> Problem requirements
What you produce should be an exact transcription of the data, minus any pictures.

> Data excerpt

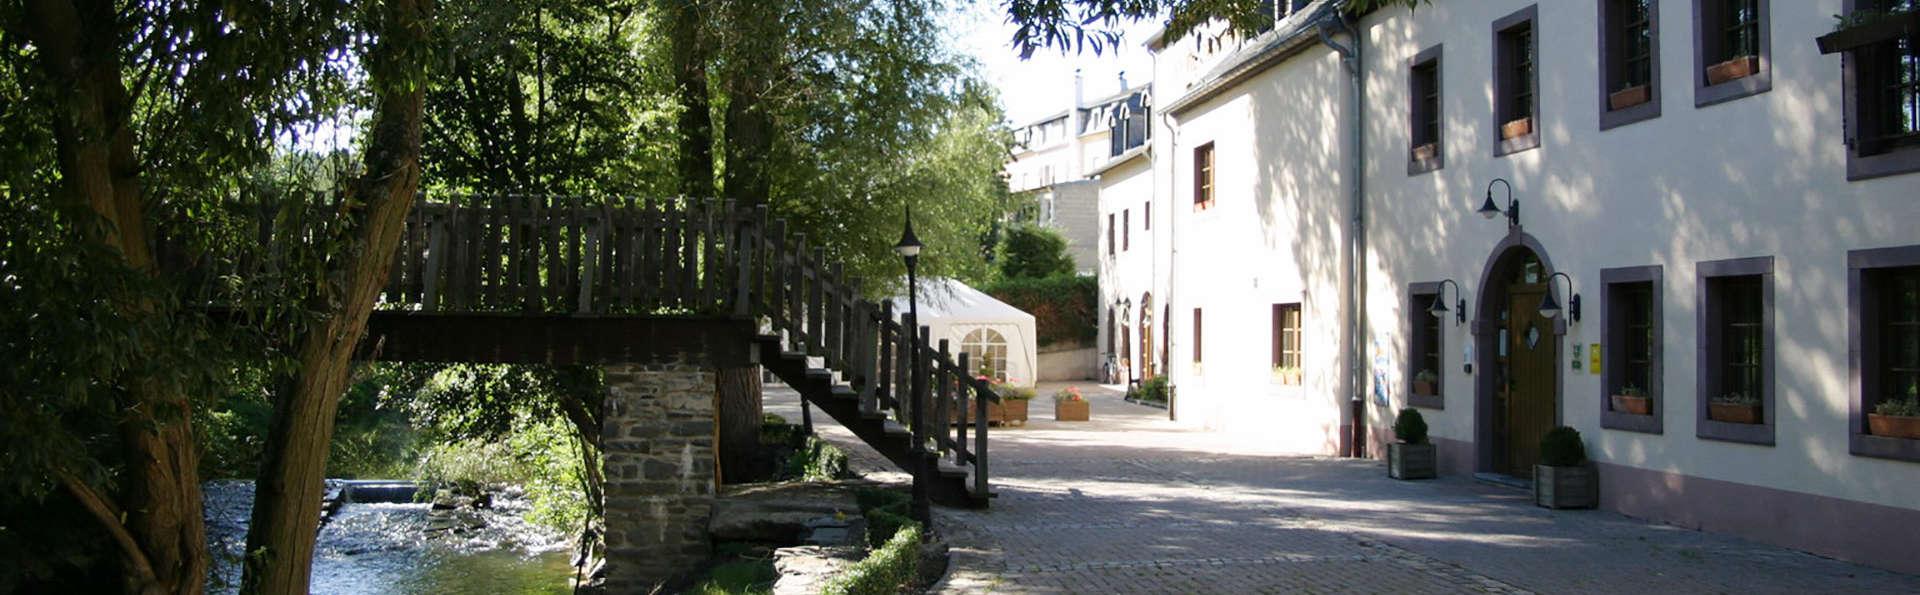 Hôtel Restaurant Aux Anciennes Tanneries - EDIT_exterior.jpg
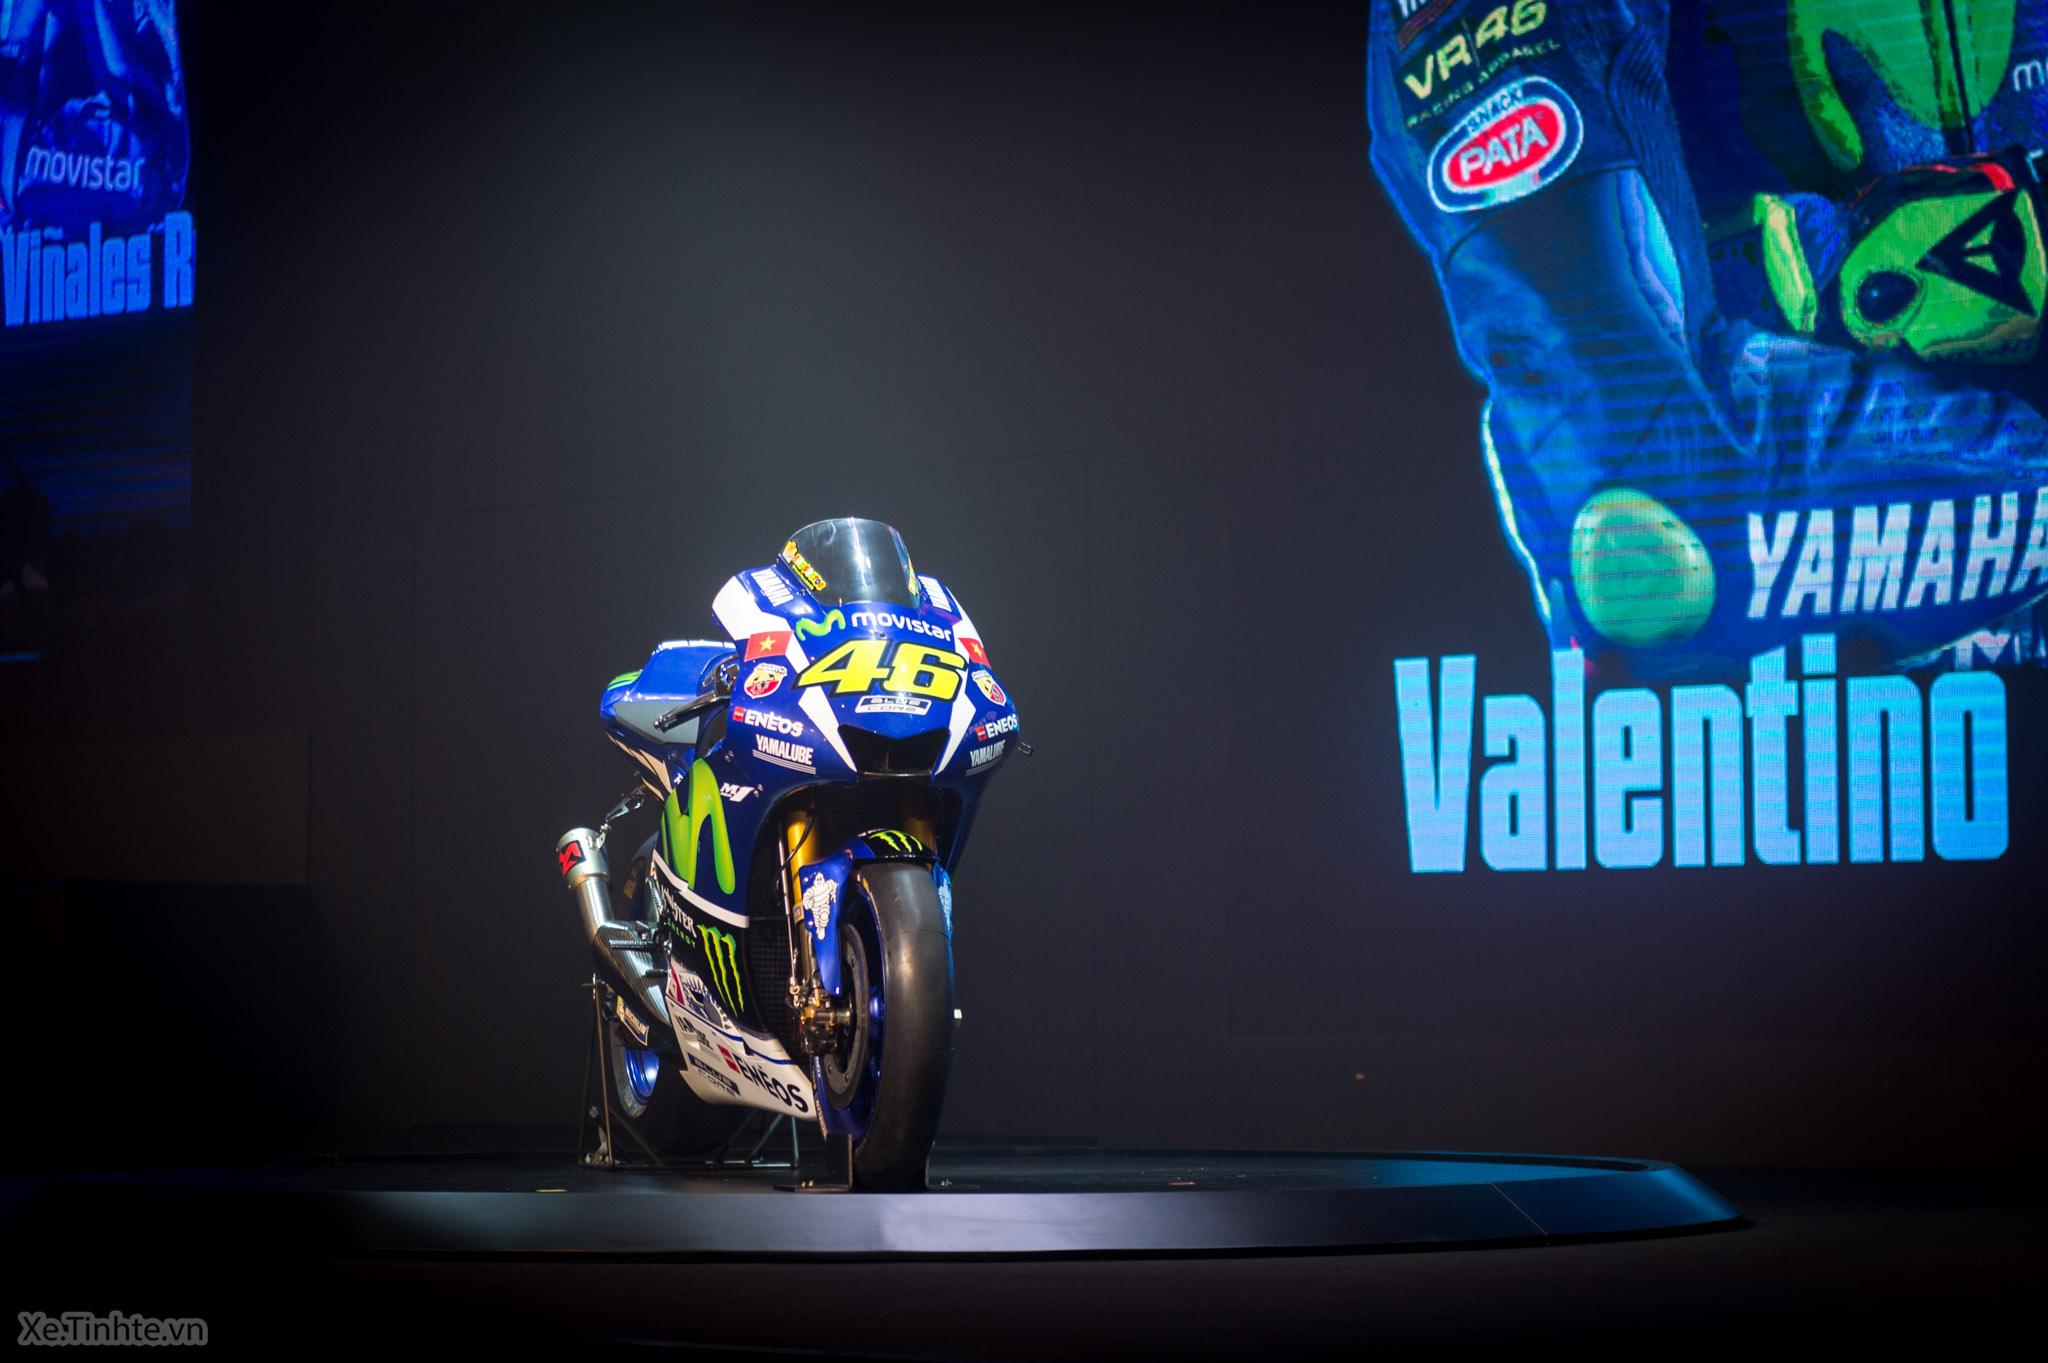 Xe.Tinhte.vn-Yamaha-Motor-Vietnam-MotoGP-3.jpg
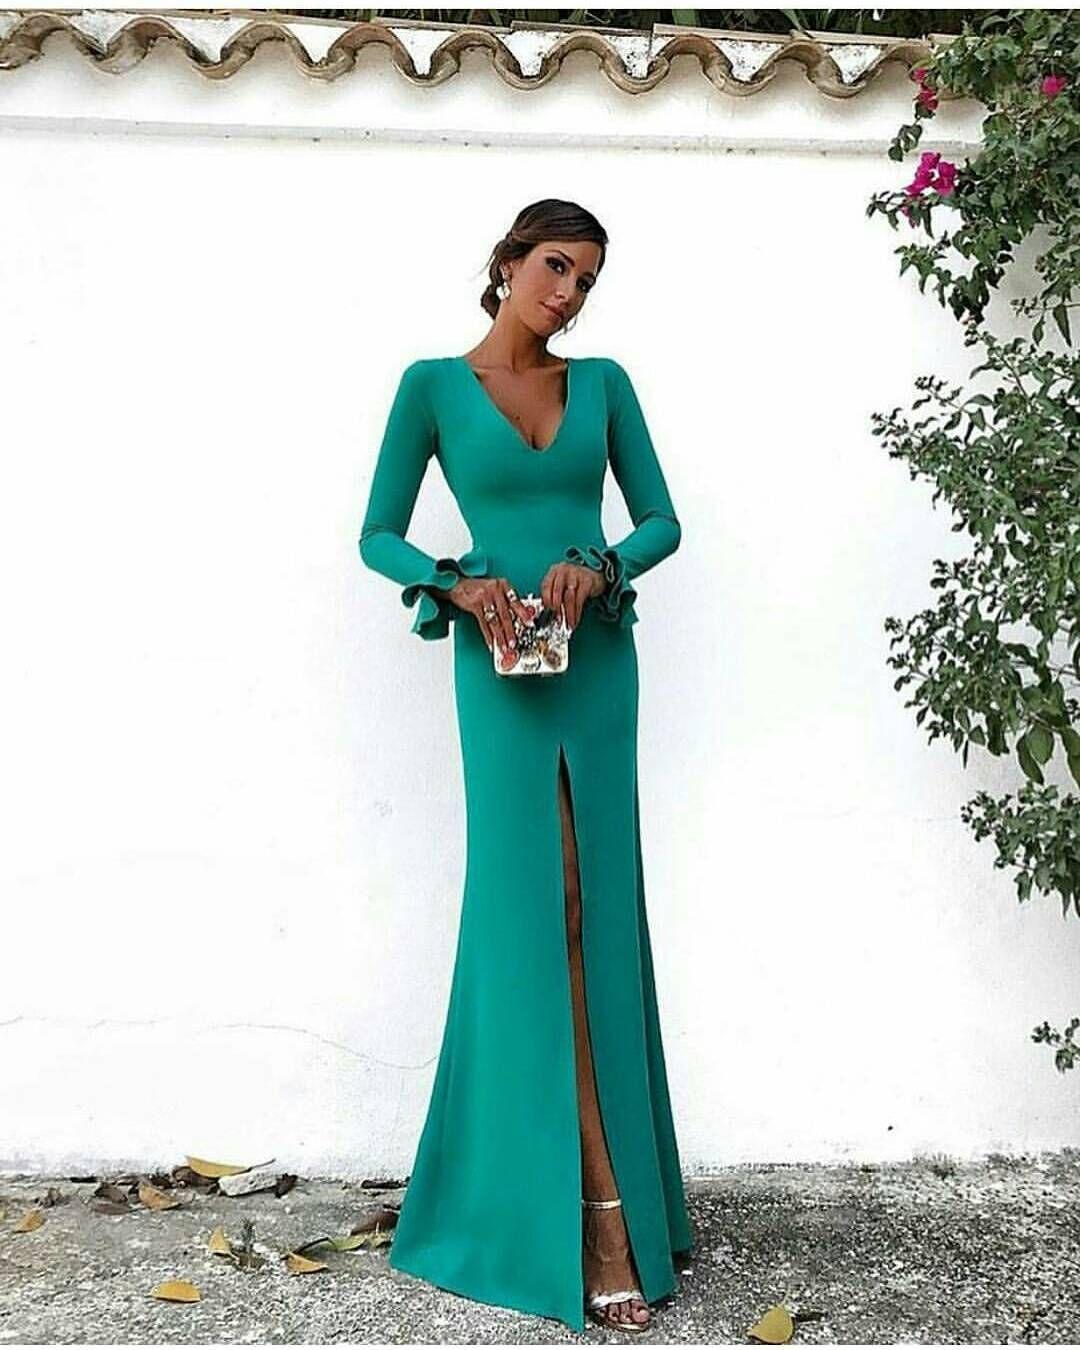 Pin de Lucy Parra en Moda | Pinterest | Vestiditos, Beautiful y Boda

> Task response
 Hôtel Restaurant Aux Anciennes Tanneries - EDIT_exterior.jpg
 Xe.Tinhte.vn-Yamaha-Motor-Vietnam-MotoGP-3.jpg
 Pin de Lucy Parra en Moda | Pinterest | Vestiditos, Beautiful y Boda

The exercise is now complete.